## Task prompt
Without changing a word, return the listing below, minus its images.

---------- Material provided

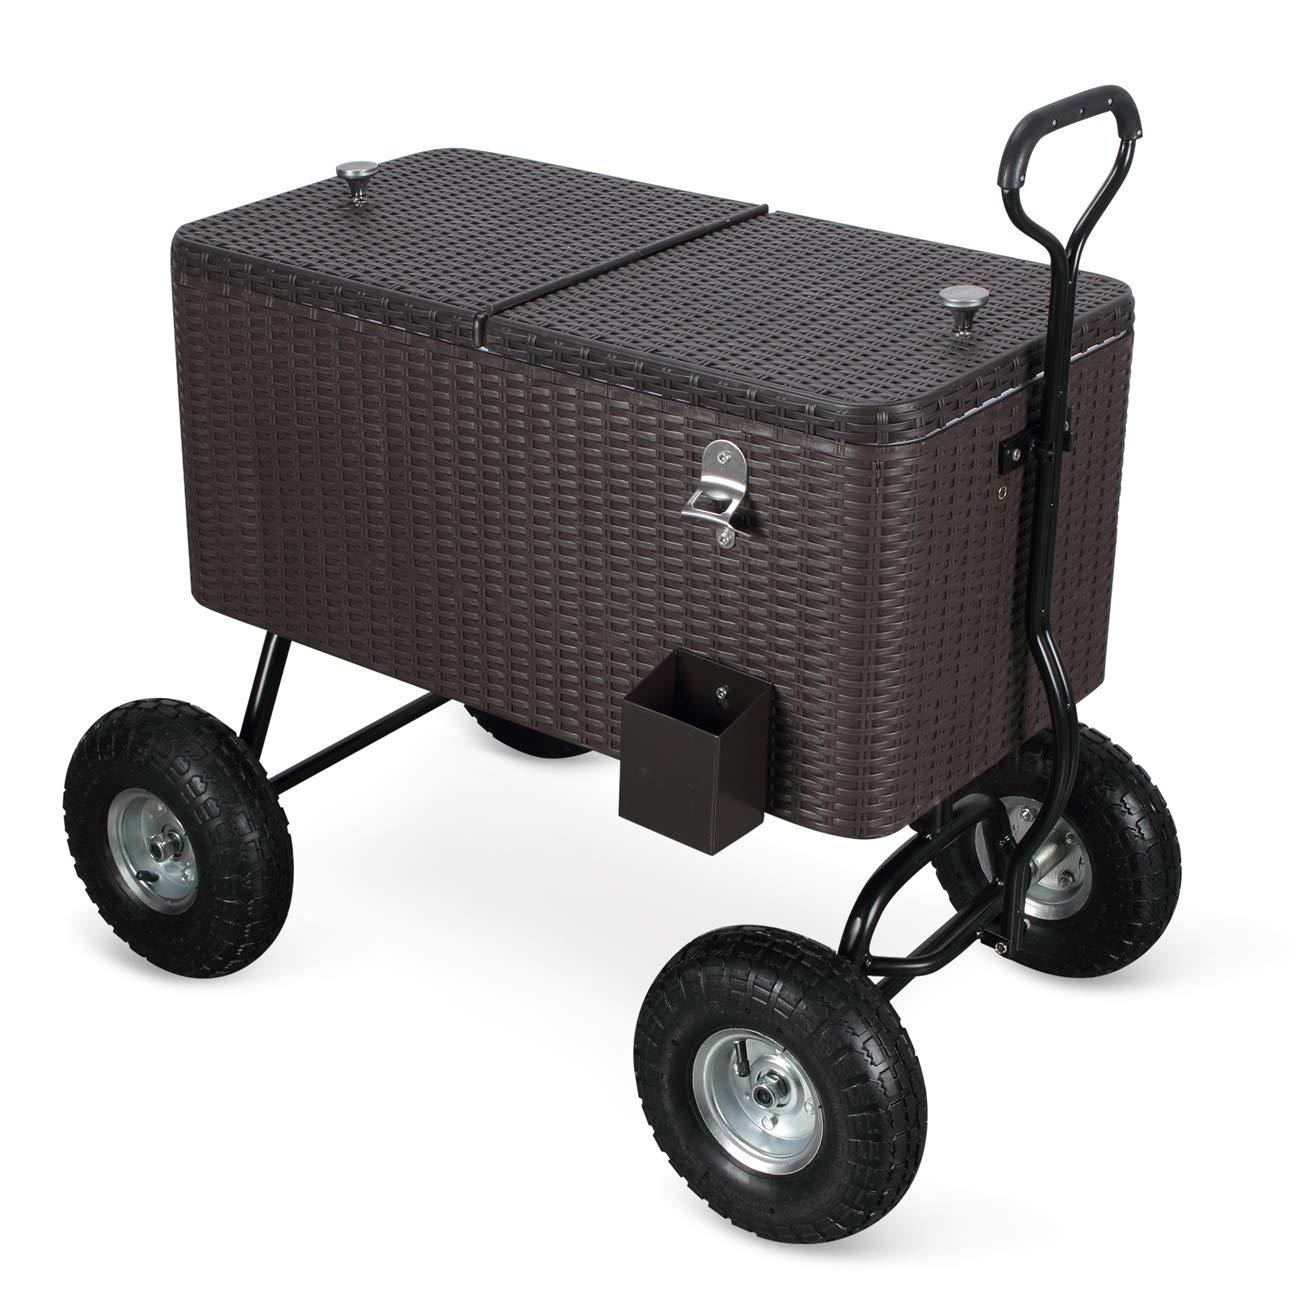 Belleze 80 Qt Portable Rolling 10' All Terrain Wheels Outdoor Backyard Party Beach Drink Cooler (Rattan) by Belleze
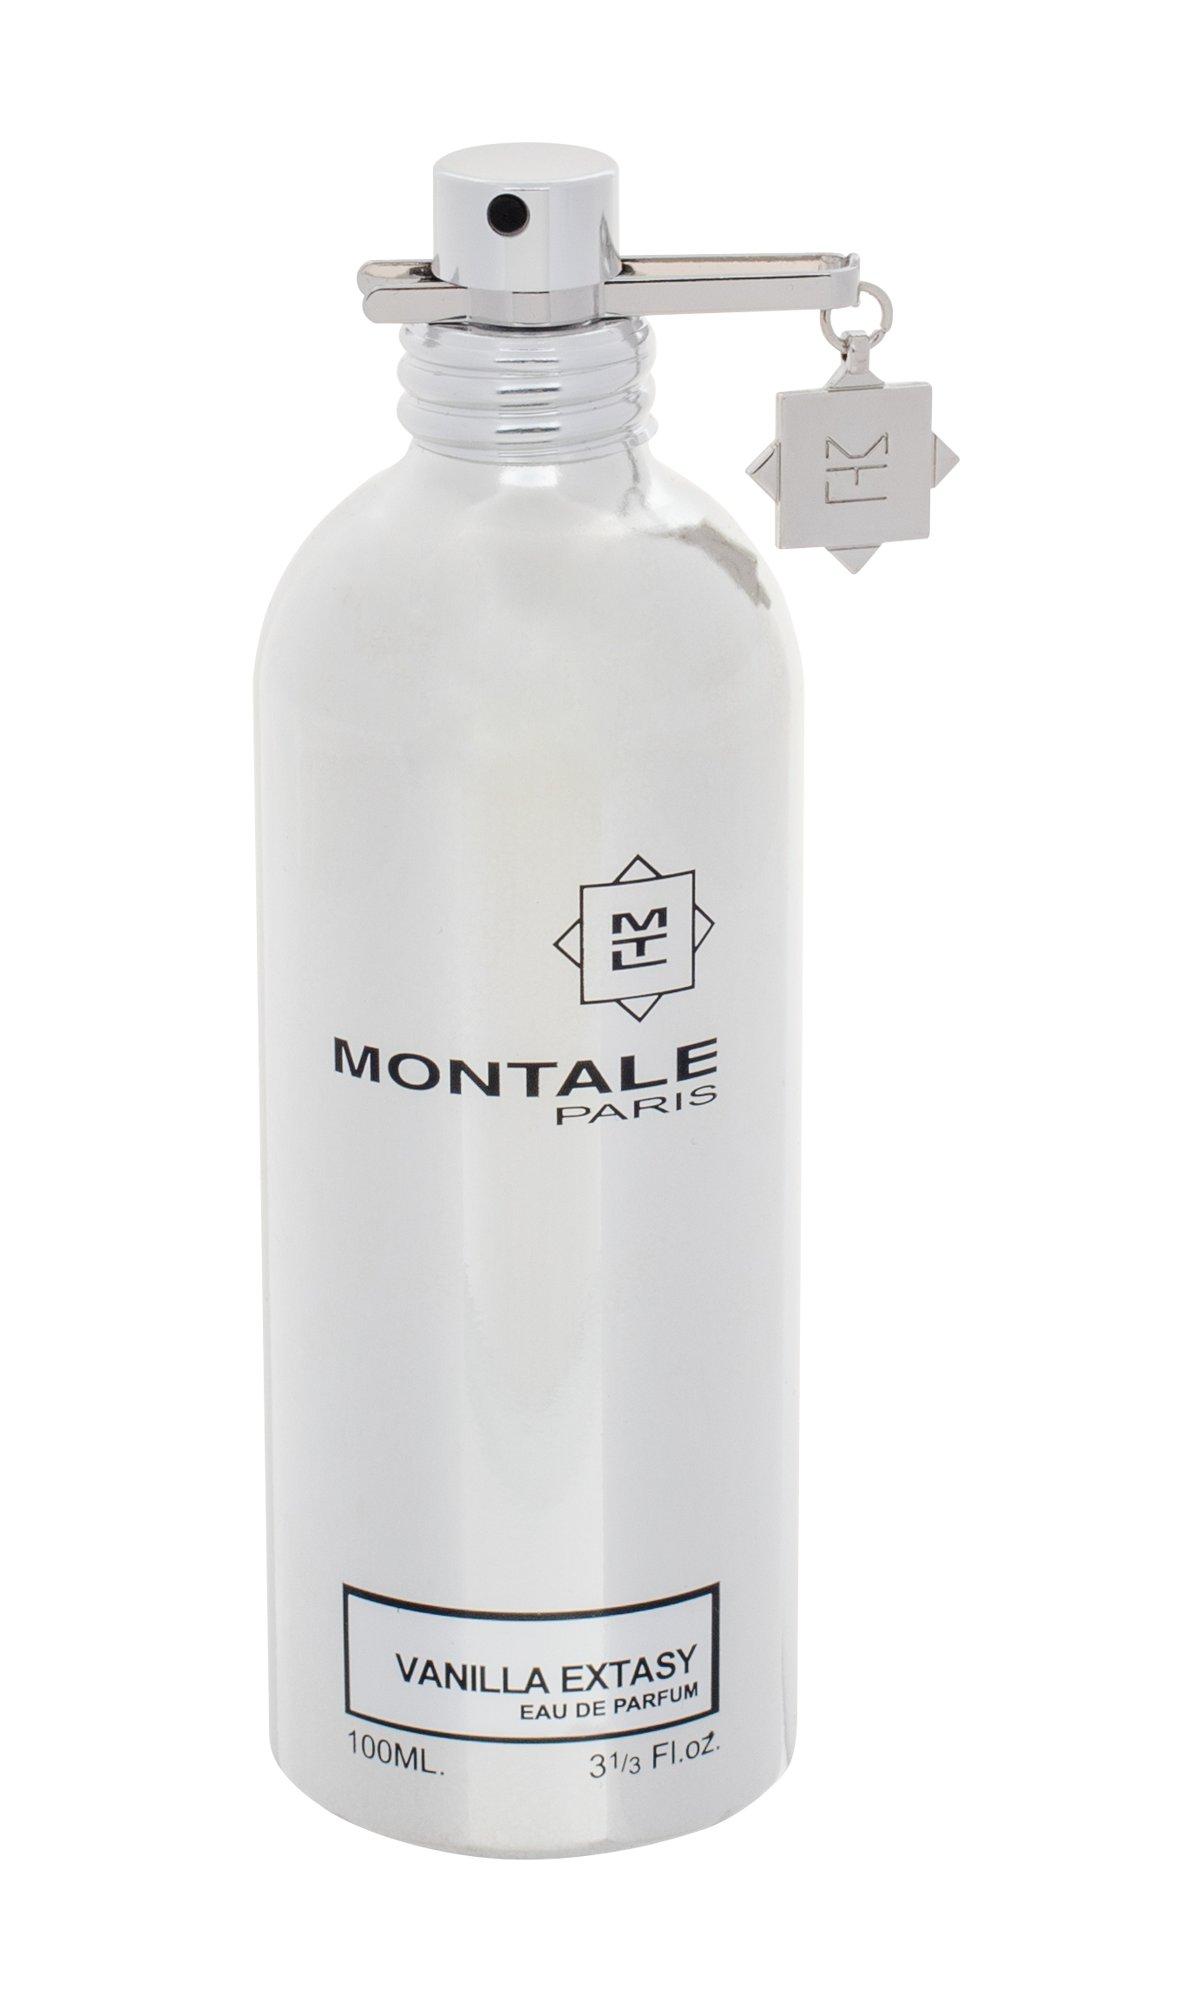 Montale Paris Vanilla Extasy, Parfumovaná voda 100ml
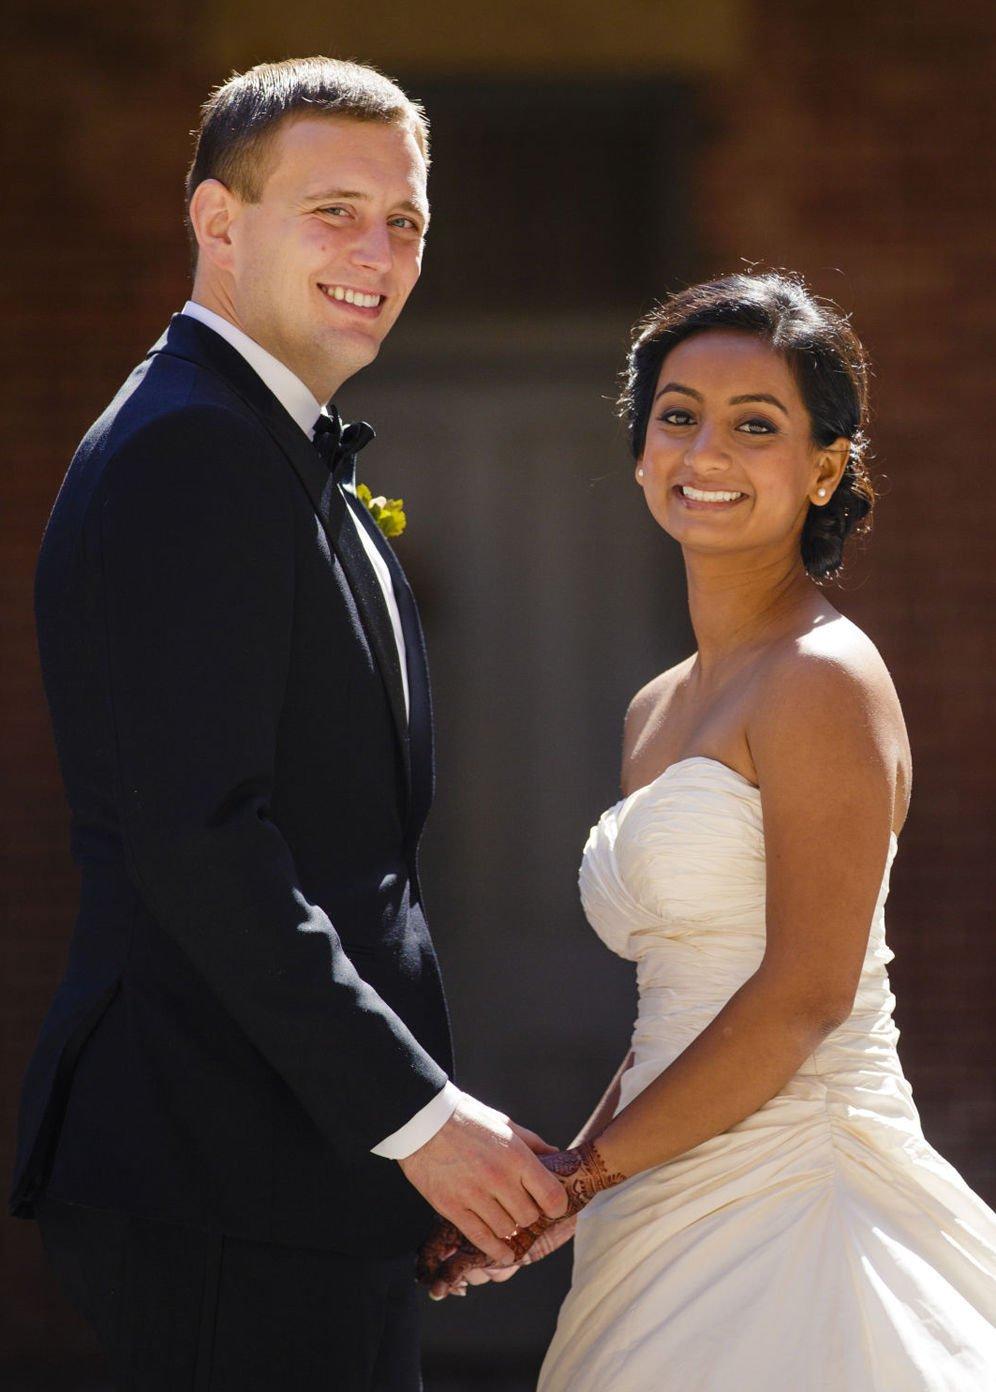 Stubbendieck-Manjunatha Wedding

--------------------

## Exercise solution
 Belleze 80 Qt Portable Rolling 10' All Terrain Wheels Outdoor Backyard Party Beach Drink Cooler (Rattan) by Belleze
 Montale Paris Vanilla Extasy, Parfumovaná voda 100ml
 Stubbendieck-Manjunatha Wedding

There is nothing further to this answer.